We need to insert a sixth digit. There are $6$ positions we can place it (before the $A$, between the $A$ and the $B$, etc.....)
We need to insert a sixth digit. The sixth digit could be $0$. It could but $1...5$ or it could but $6,7,8,9$. Each case has its issues.
If the sixth digit is $6,7,8,9$ there is no issue. There are $4$ possible choice, $6$ positions, and $5!$ ways we did the $1...5$. So $4\cdot 6\cdot 5!$ ways to do that.
If the sixth digit is $0$ the only issue is that we can't put it in the $1$ position. SO there is $1$ choice of what digit $0$ could be (namely $0$) and $5$ positions to put it in and $5!$ ways to do the $1....5$. So $5\cdot 5!$ ways to do it.
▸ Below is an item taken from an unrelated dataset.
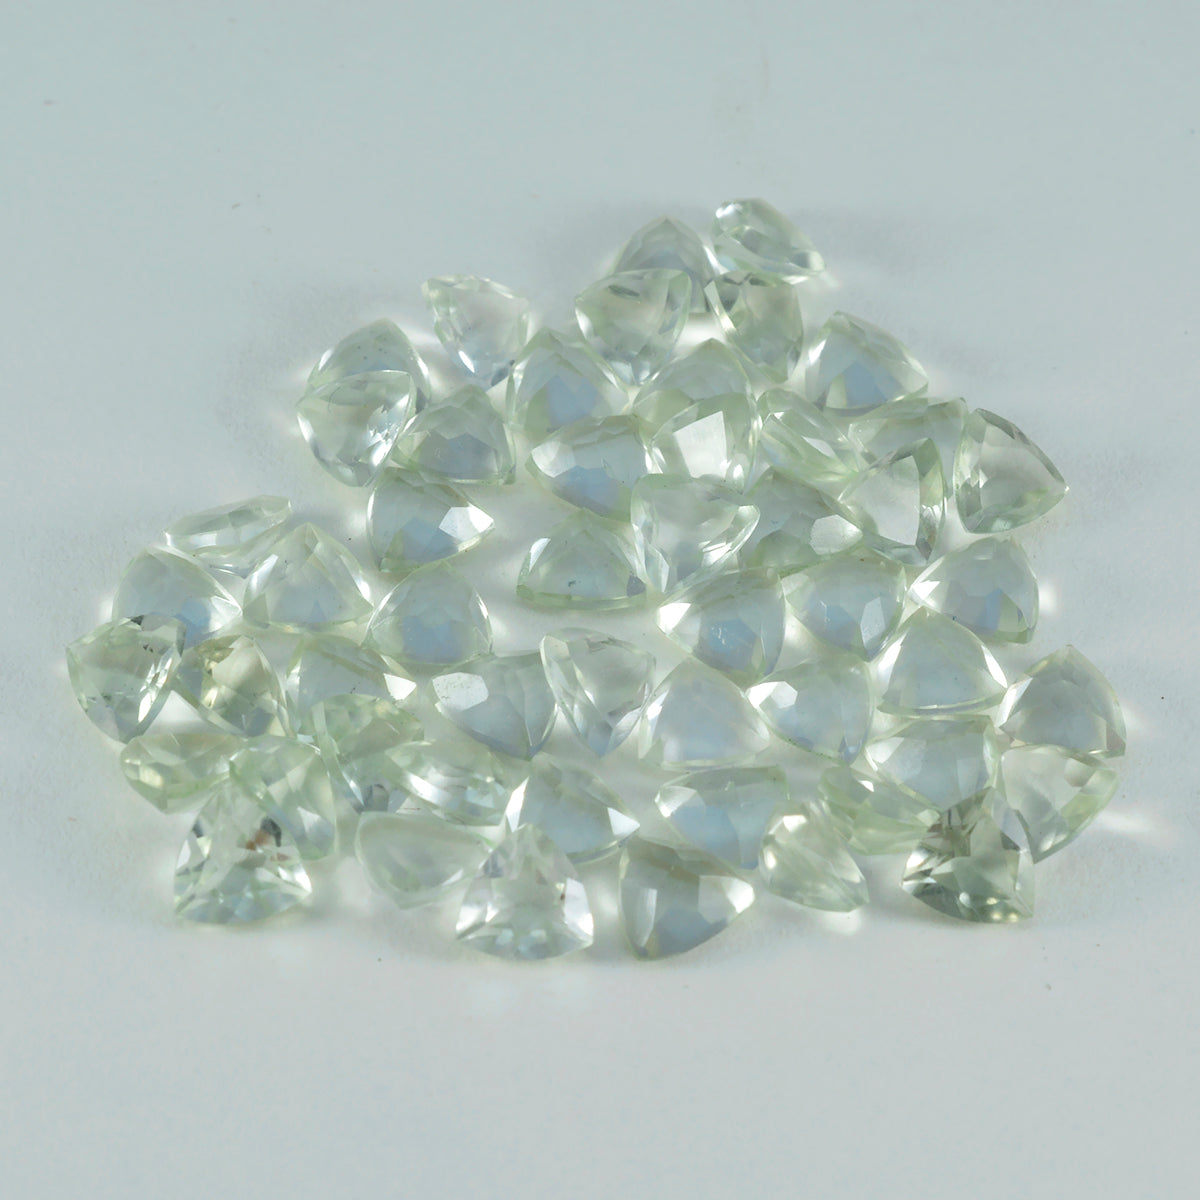 Riyogems 1PC Green Amethyst Faceted 5x5 mm Trillion Shape Nice Quality Loose Gems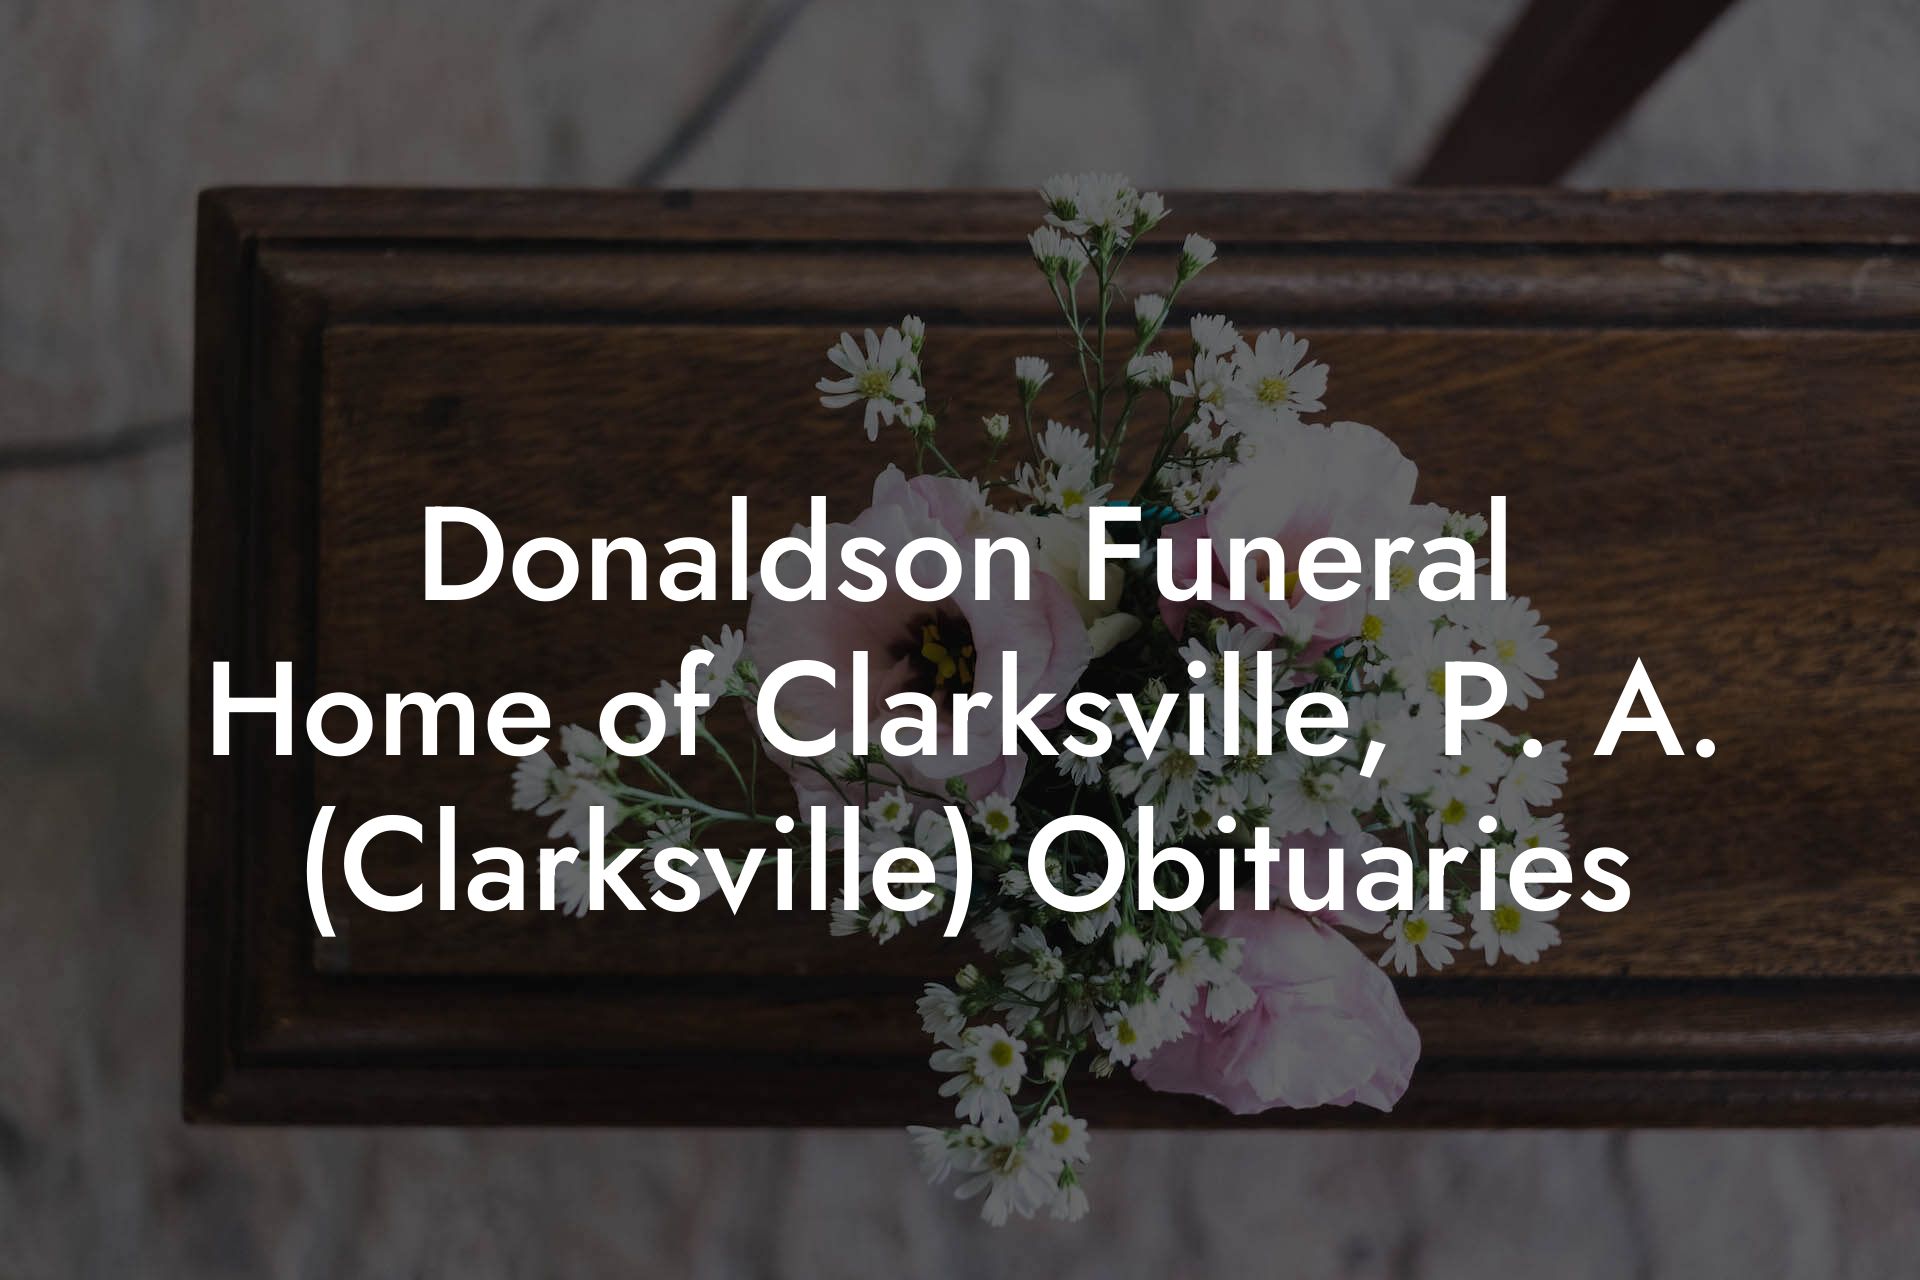 Donaldson Funeral Home of Clarksville, P. A. (Clarksville) Obituaries

Now the issue with the sixth digit being $1....5$ is we are double counting. There are $5!$ ways to place the $1$ through $5$. And there are $6$ places to put the $6$th digit. But wherever we put the second copy of the digit would be the same as though we had put it there originally and we put the second copy where the firs was. So there are $5$ choices of the $6$th digit and $6$ places to put it but to take double counting into account; there are $5\times \frac {6\times 5!}2$ ways to do this.
So in total:
$4\cdot 6\cdot 5! + 5\cdot 5! + 5\cdot \frac {6\cdot 5!}2=$
$5!(4\cdot 6 + 5 + 5\times \frac 62) = 120\times (24+5+15)=120\times 44=5280$